GABc dBde|gage dega|bage dBAB|G2G2 G2:|!
fg|afd^c d2ga|bged e2ga|(3bag (3agf gedB|(3cBA AG AcBA|!
GABc dBde|~g3e dega|bage dBAB|G2G2 G2:|!
\end{abc}
...
\end{Verbatim}

In order to produce a final PDF file, (during pdflatex command execution) the following extra steps will be performed:
  .[Extractor stage] ~\\ extract abc lines to an external file (lets name it "f.abc")
  .[Processor stage] ~\\ process "f.abc" producing a PDF image (\texttt{abcm2ps f.abc -o ....})
  .[Replacer stage] ~\\ replace abc lines by latex instructions to include the
results of the processor stage -- in this case include "f.pdf" image:
\begin{Verbatim}
 \includegraphics{f.pdf}
\end{Verbatim}
#

==*Perl + RewriteRules

In this example we are using Text::RewriteRules\cite{Text::RewriteRules} Perl module, that is
in fact a embedded DSL for definition of textual substitution based rewrite
system\cite{cpan-Text::RewriteRules}.

The following example is creates a perl function for obfuscating email
\footnote{\cod{email("aa@bb.cc")} = \cod{"aa AT bb DOT cc"}}:

\begin{Verbatim}
....
RULES email
\.==> DOT
@==> AT
ENDRULES
...
\end{Verbatim}

After Perl loading and filtering stage\cite{cpan-Filter::Simple}, the final Perl
that is in fact executed is:
\begin{Verbatim}
...
sub email {
  my $p = shift;
    ...
    while($modified) {
      ...
        s{\.}{ DOT };
      ...
        s{@}{ AT };
      ...
    }
  return $p;
}
...
\end{Verbatim}

Once more we can recognize the same steps:
  .[Extractor stage] ~\\ Extract the lines correspondent to the DSL rules;
  .[Processor stage] ~\\ Compile them to a Perl function;
  .[Replacer stage] ~\\ replace DSL lines by the generated Perl function.
  #

==*Summarizing

We believe that inline foreign language embedding processes
 is very useful and widely need in most markup language, programming
languages, and in general textual languages.

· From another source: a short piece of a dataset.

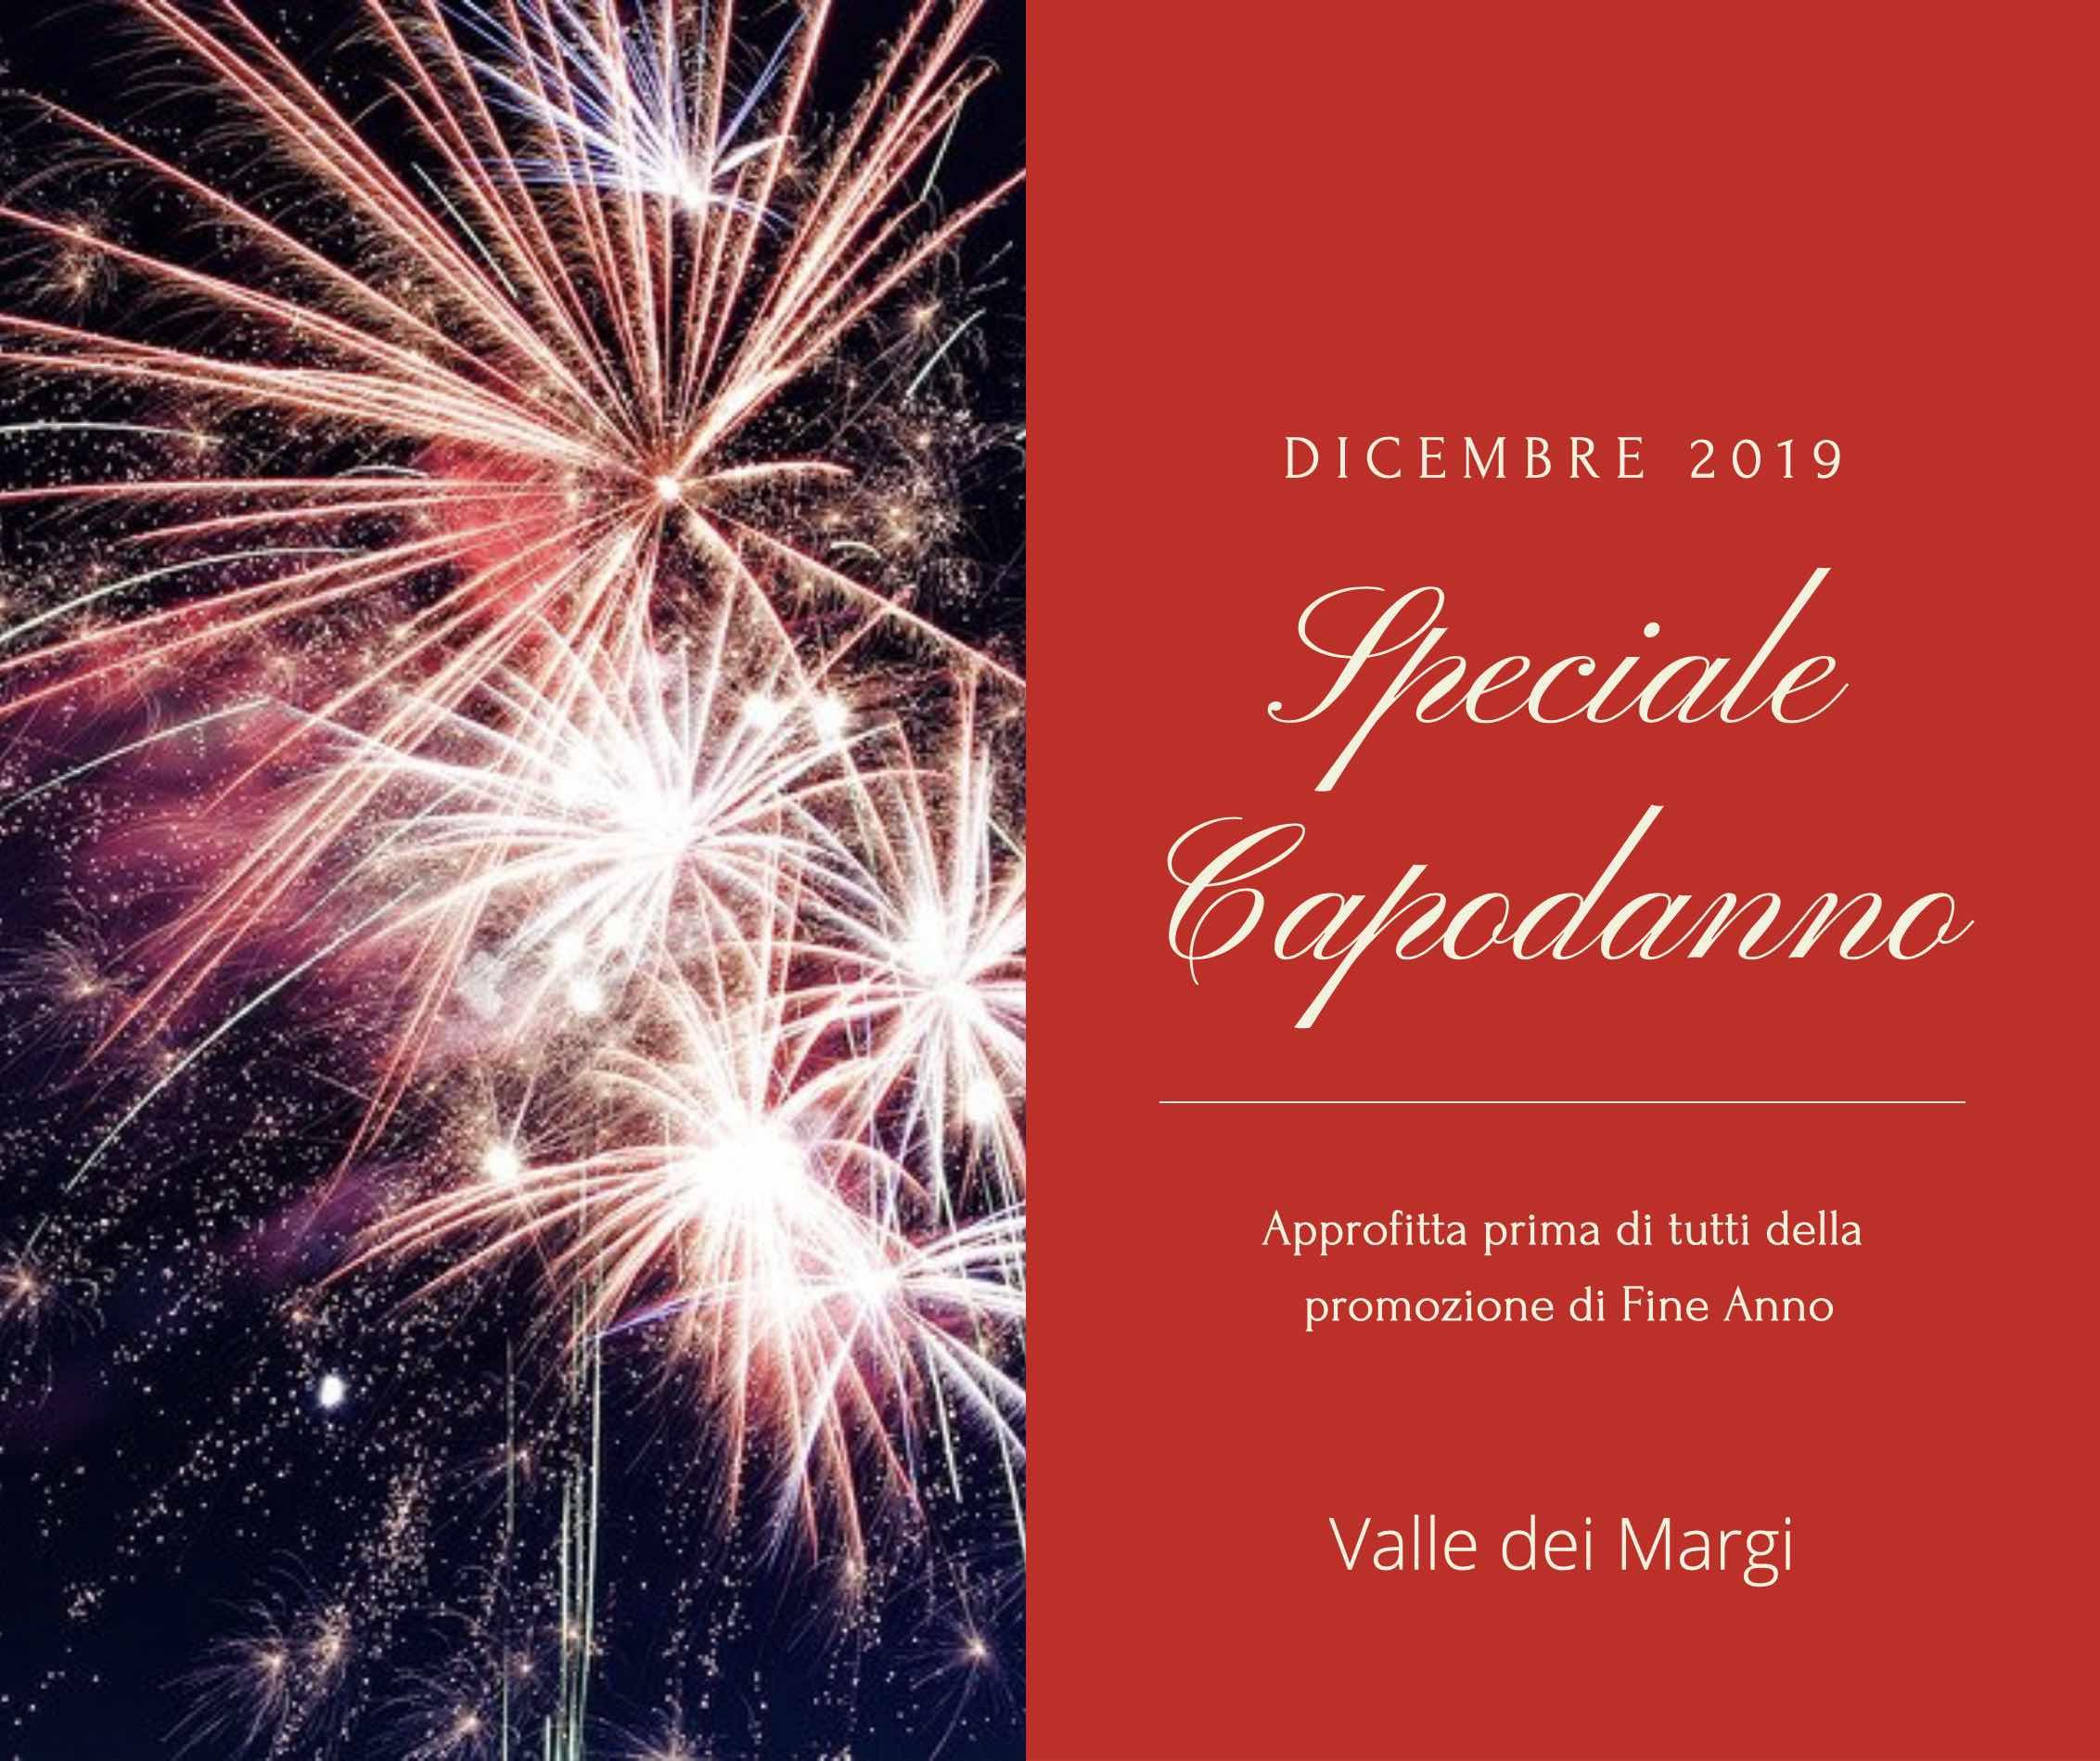 Speciale capodanno

In this article we will try to:
  .  generalize this foreign language embed process,
and discuss a generic algorithm for the problem and, 
  . purpose a opinionated tool
to deal with some lang-importer situations.
 #

\section{Inline foreign language embedding}

From the examples of the previous section, it is clear that
we may recognize three stages in the inline language embedding process.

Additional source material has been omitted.